The use of `row.names = FALSE` stops R from including the row names (likely 1,
2, 3, etc) as the first column in the data. If you re-arranged the data at any
point, you may need to set that to `TRUE`, but keep in mind to handle it
properly in SAS, as the default will be to treat it as a variable.

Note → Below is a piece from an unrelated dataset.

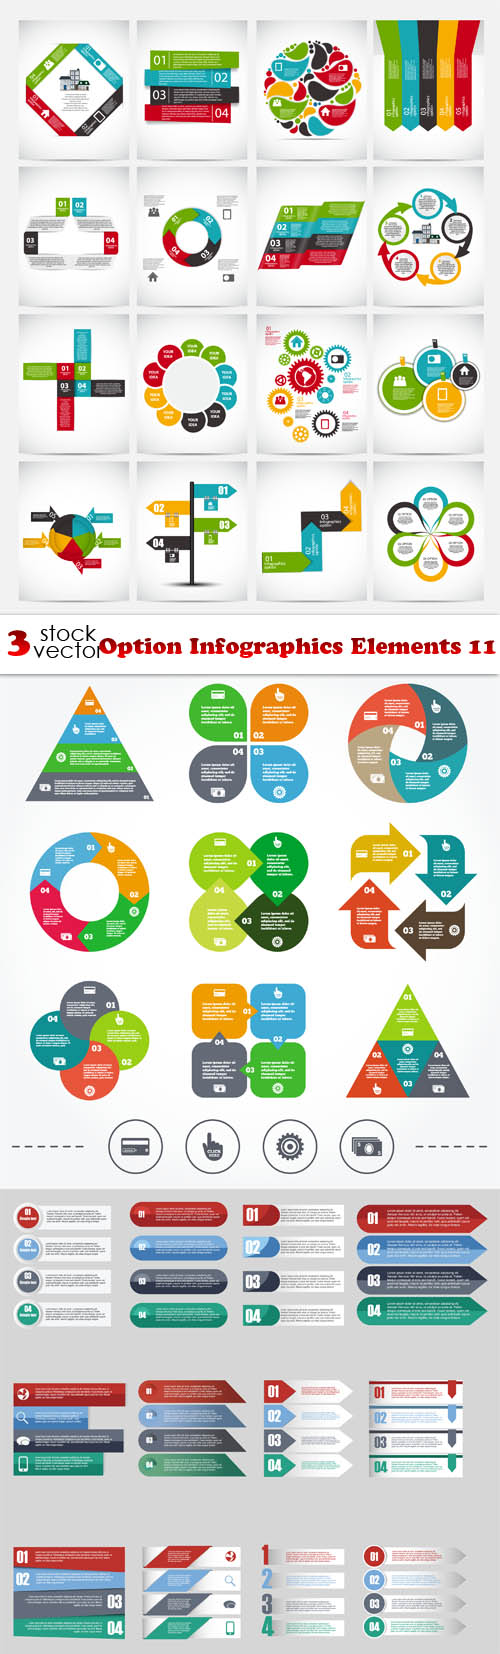 Vectors - Option Infographics Elements 11

Now, returning to SAS, we can read the new rout.sas.csv file in. The only catch
is that we want to ensure that the match is read as a string by using `$`, since
it may have values like `1.1` and `1.10`, representing two different matches,
but which are identical if treated as numeric.

```sas
data matchedpeople;
  infile "/path/to/save/rout.sas.csv" dsd firstobs=2;
  input gender age ppty match $;
run;
```

The argument `firstobs=2` skips the variable names; alternatively you could pass
`col.names=FALSE` to R's `write.csv`, but then the rout.sas.csv file lacks any
variable information, which may be useful to have.

## A Note about Ordering

If you carry out any additional operations in between steps above which re-order
the original data, or the data exported over to R, the two data sets could have
mis-matched rows by the end. If this is a concern, please retain or create a
unique identifier per row. For example, something like

```sas
data people_with_id
    set people;
    rownum = _N_;
run;
```

When subsetting the data to drop variables irrelevant to the matching, be sure
to keep `rownum`.

After you've brought the data with the match information back into SAS, you can
sort both data sets and merge with something like

```sas
proc sort data=people_with_id out=people_with_id2;
  by rownum;
run;

proc sort data=matchedpeople out=matchedpeople2;
  by rownum;
run;

data matchedmerged ;
  merge people_with_id2 matchedpeople2;
  by rownum;
run;
```

# Using Optmatch with Stata

We'll use the same example, with some simple demographics. We will treat gender
as the treatment indicator, and wish to match on a combination of a propensity
score for gender (using both age and height) and age.

```stata
input gender age height
0 25 62
0 41 68
0 38 63
0 22 62
1 33 70
1 35 71
1 47 68
1 23 64
end
```

First, lets fit the logistic regression model.

```stata
logit gender age height
predict ppty, xb
```

At the end we'll be merging two files together to avoid any ordering issues, and
as noted [above](#a-note-about-ordering), to do so we'll create a unique
identifier.

```stata
gen rownum = _n
```

We'll save only the relevant variables (treatment indicator, anything to be
matched on, and the ID variable to merge on) to avoid saving and loading a very
large file.

```stata
preserve
keep gender age ppty rownum
save "/path/to/save/toR.dta"
restore
```

Turning to R, this can be read in using the **haven** package

```{r,eval=FALSE}
library(haven)
statadata <- read_dta("/path/to/save/toR.dta")
```

Now, perform matching as desired, saving the final match to `statadata`. For
example,

```{r,eval=FALSE}
library(optmatch)
f <- fullmatch(gender ~ age + ppty, data = sttadata)
statadata$match <- f
```

We'll use **haven** again to write the data back to Stata. We do not recommend using
.csv files to transfer the data back to Stata, though the `write.csv` file would
be similar to that for SAS.

```{r,eval=FALSE}
write_dta(statadata, "/path/to/save/rout.stata.dta")
```

Back in Stata, you can merge this into the existing data set by the following
commands:

```stata
sort rownum
merge 1:1 rownum using "/path/to/save/rout.stata.dta"
```

The `force` option may be necessary to overcome type differences. Additional
tweaks may be necessary here if you have special variable types.